Hive入门--2.分区表外部分区表关联查询

最新推荐文章于 2021-11-09 15:37:58 发布

a166244

最新推荐文章于 2021-11-09 15:37:58 发布

阅读量430

点赞数

CC 4.0 BY-SA版权

文章标签：数据库大数据 shell

原文链接：http://www.cnblogs.com/shiguangmanbu2016/p/5932842.html

本文深入探讨Hive SQL的高级应用，包括内部表与外部表的区别、分区表的创建与查询、表关联查询的优化策略，以及如何利用Hive进行大规模数据处理，提升查询效率。

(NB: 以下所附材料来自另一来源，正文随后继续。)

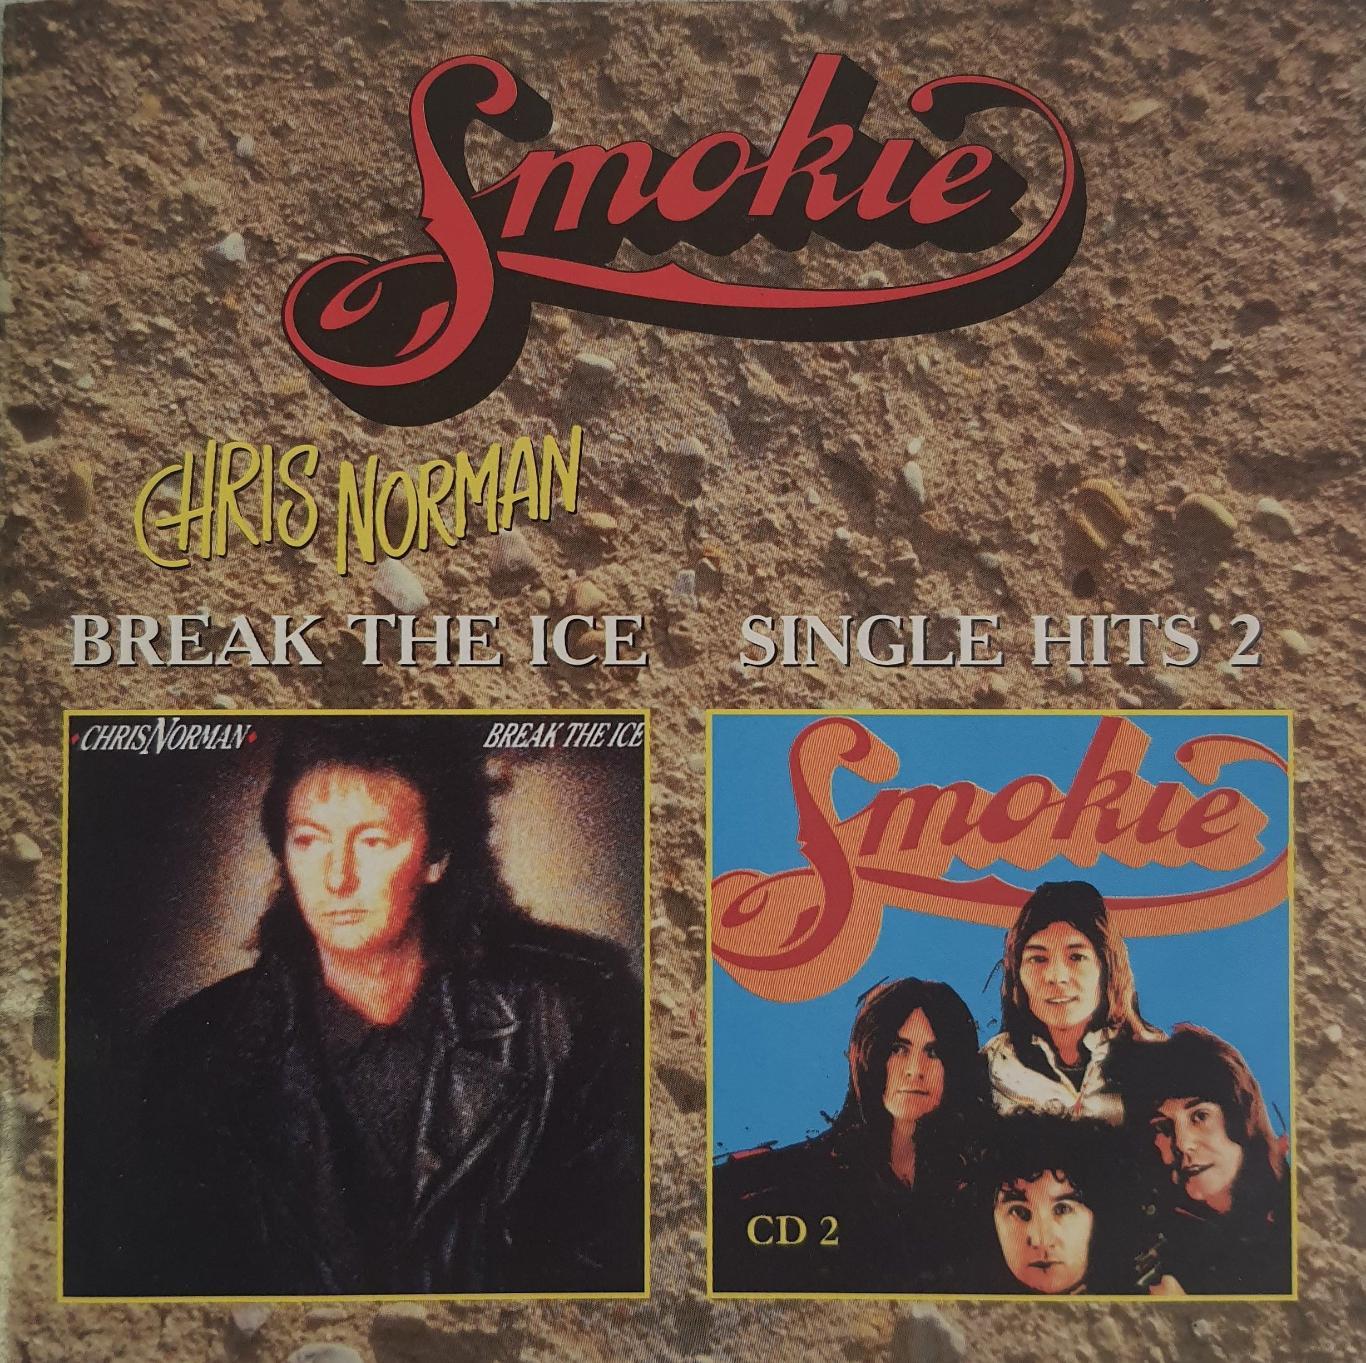 Музыка CD Chris NORMAN - Break the Ice 1989 / Smokie - Single Hits 2 1978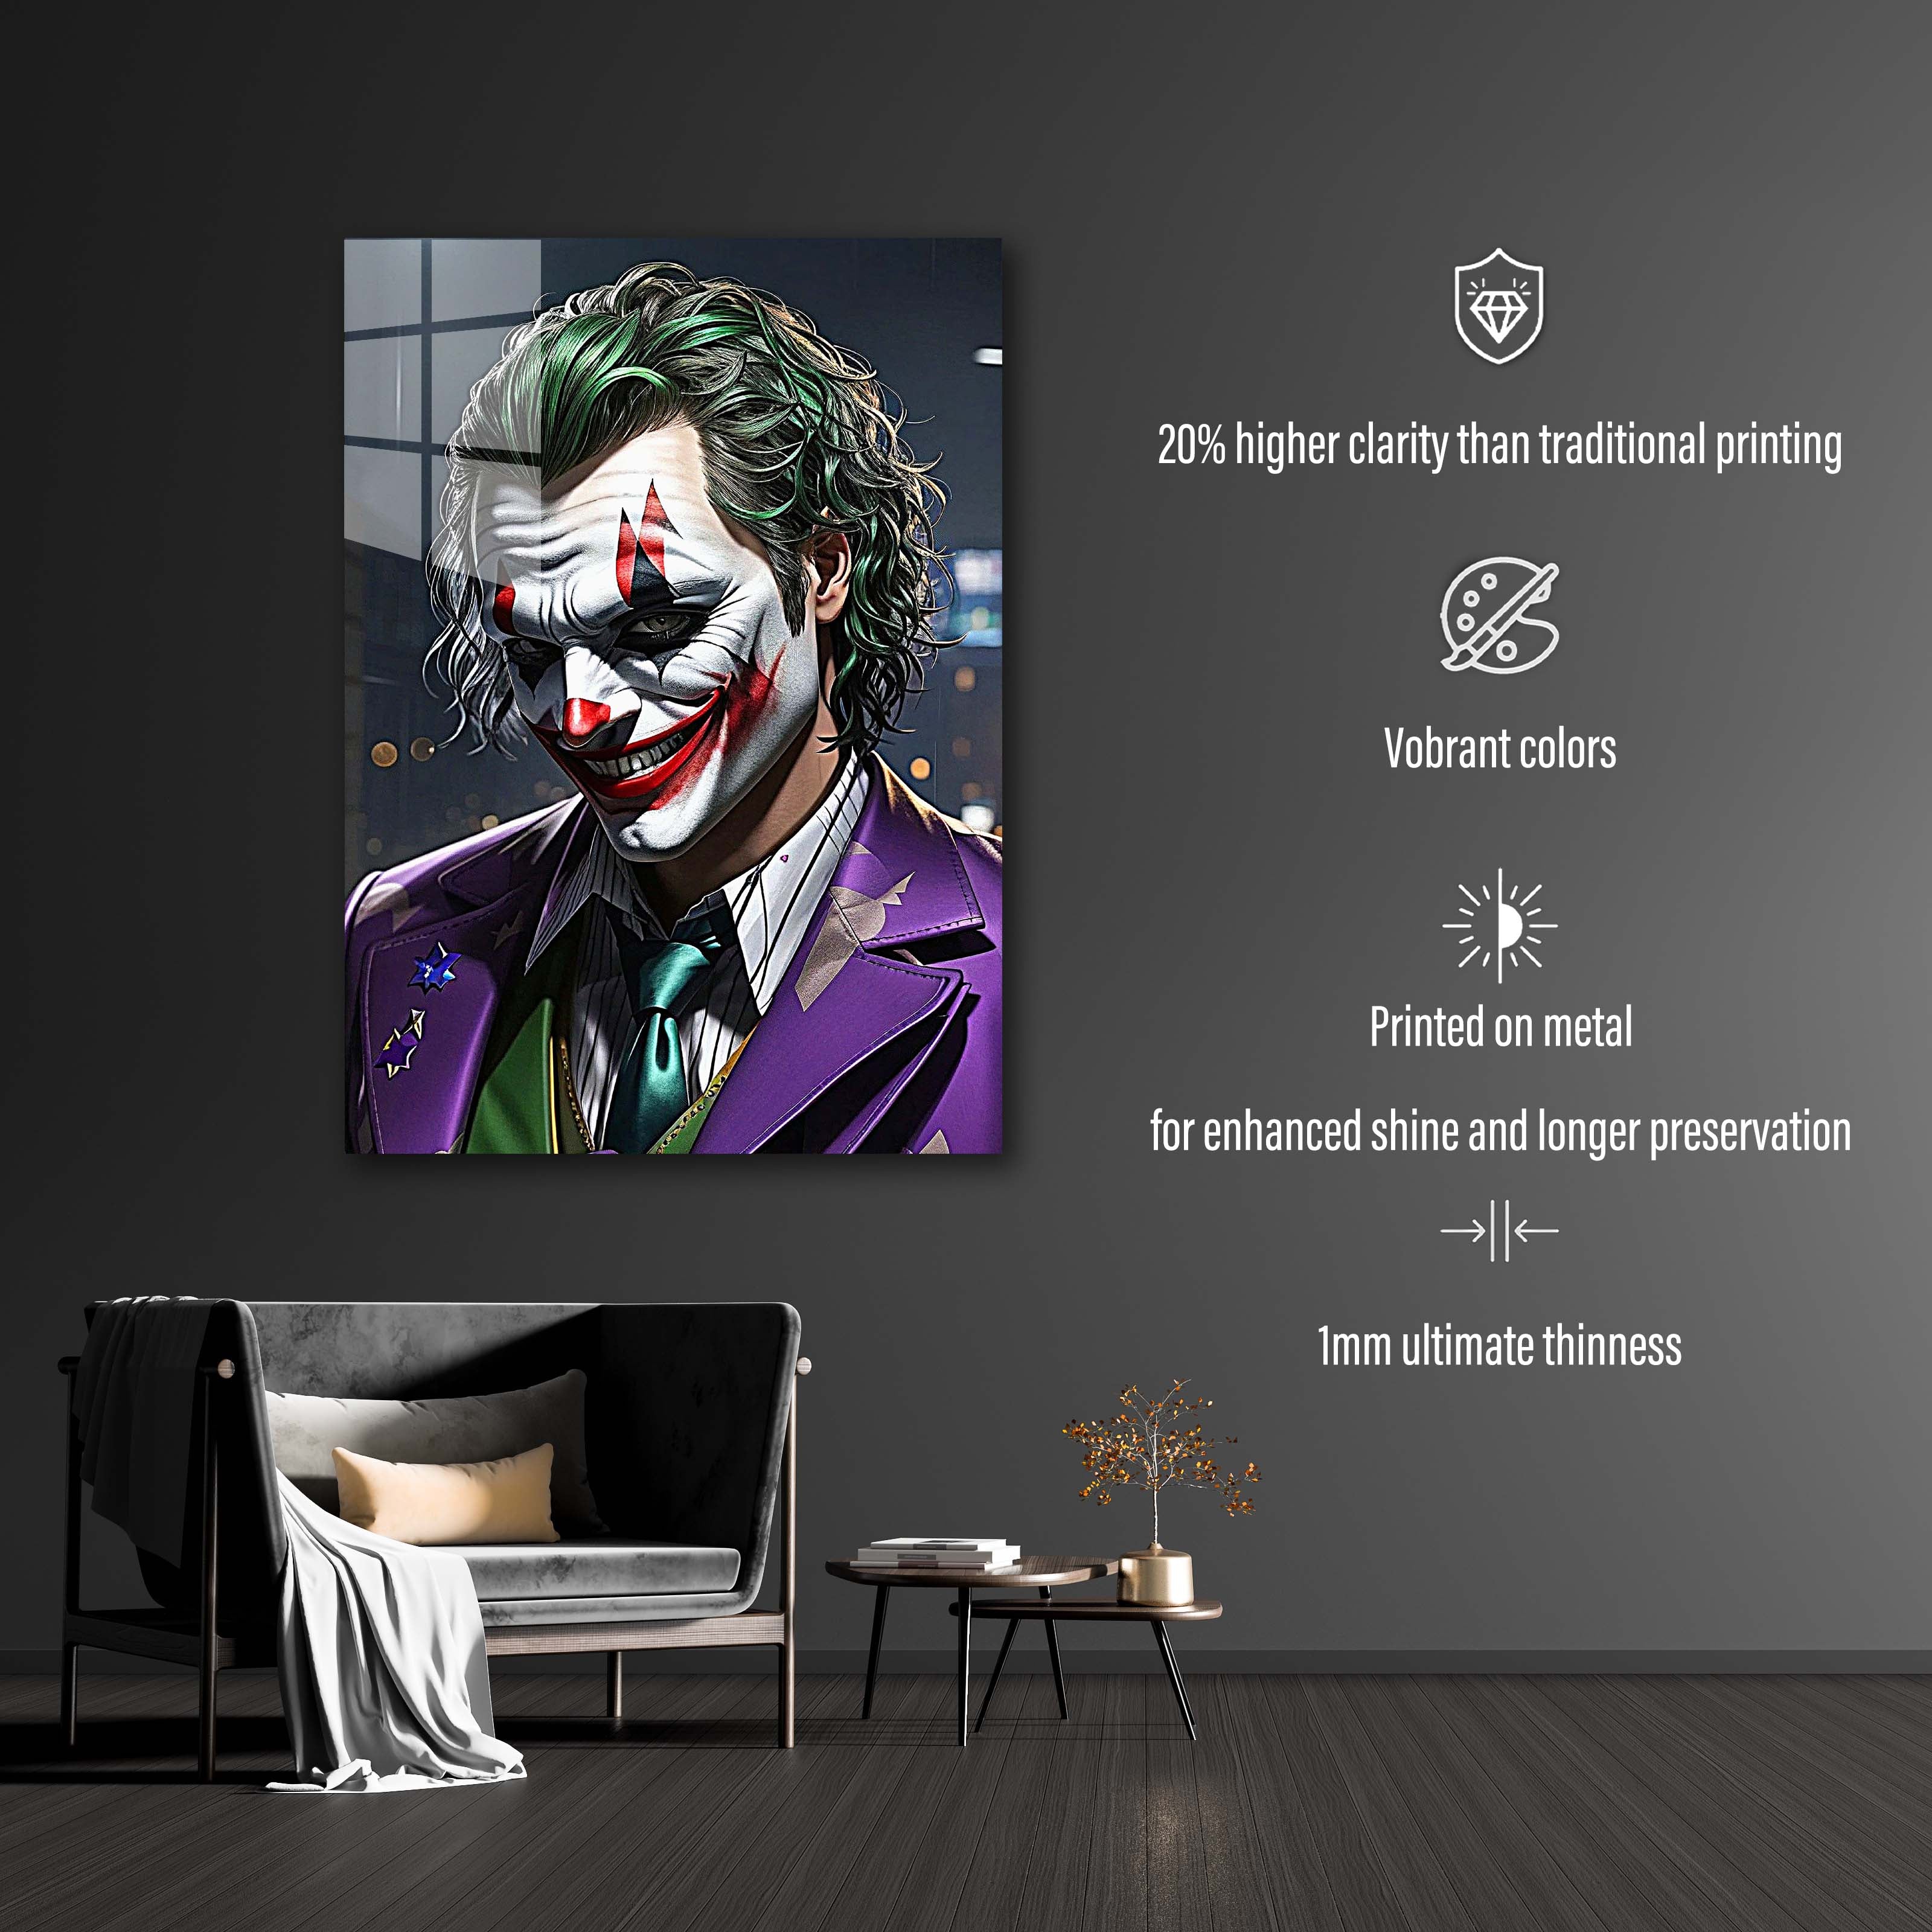 Joker arthur fleck-designed by @Hamka Risha

摘要生成于 C知道，由 DeepSeek-R1 满血版支持，前往体验 >

1.查看mysql中metastore数据存储结构

Metastore中只保存了表的描述信息（名字，列，类型，对应目录）

使用SQLYog连接itcast05 的mysql数据库
这里写图片描述
查看hive数据库的表结构：

2.建表(默认是内部表（先建表，后有数据）)

（建表时必须指定列的分隔符）

create table trade_detail(
id bigint, 
account string, 
income double, 
expenses double, 
time string) 
row format delimited fields terminated by '\t';

3.Hive状态下执行Hadoop hdfs命令

在使用hive shell 的时候，我们有时候需要操作hdfs
Hive为我们提供了在hive命令行下hdfs的shell：
，例如：

dfs  -ls  /; 
dfs -mkdir  /data;
dfs  -put  /root/student.txt;

用法和hdfs下是一样的，只是细微的差别
和Hadoop命令稍微有些差别,前面是dfs开头，后面以“;”结尾

4.创建–外部表（先有数据，后建表）

先上传数据文件　a.txt b.txt 到hdfs:/data目录下，
a.txt 和 b.txt 中的内容都是：
这里写图片描述
后执行创建表的命令：

create external table ext_student (
id int,
name string) 
row format delimited fields terminated by '\t' 
location '/data';

创建完成后使用命令：select * from ext_student;　查看表中内容：
这里写图片描述

再次上传数据文件　pep.avi　
这里写图片描述

到　hdfs:/data　目录下，后执行全表扫描：select * from ext_student;
这里写图片描述

说明：只要将这个数据放到　hdfs:/data　表所指定的目录下，hive就能将这个表中的数据读取出来（内部表和外部表都支持，但也存在特殊情况读不出）

为什么把文件丢到对应目录下就能把数据读出来？

答：因为metastore记录了这张表和数据的映射关系

SDS表中的内容：
这里写图片描述

5.创建–分区表

建分区表是为了提高数据的查询效率，按照省份、年份、月份等分区

创建一个外部分区表(External Table )：
（表名：beauties 指向文件：beauty）

create external table beauties (
id bigint, 
name string, 
size double) 
partitioned by (nation string) 
row format delimited fields terminated by ‘\t’ 
location ‘/beauty’ ;

show create table beauties;

执行完成之后发现hdfs根目录下有beauty文件夹。

准备好3个数据文件： b.c b.j b.a
这里写图片描述

载入数据文件，同时指定分区：

load data local inpath '/root/b.c' into table beauties partition (nation='China');

查看表中是否成功load数据：
这里写图片描述
突发奇想：能否像平常使用外部表一样，在 hdfs:/beauty 目录下创建一个文件夹 nation=Japan ,然后将b.j 文件上传到这个目录下,数据就可以查出来了？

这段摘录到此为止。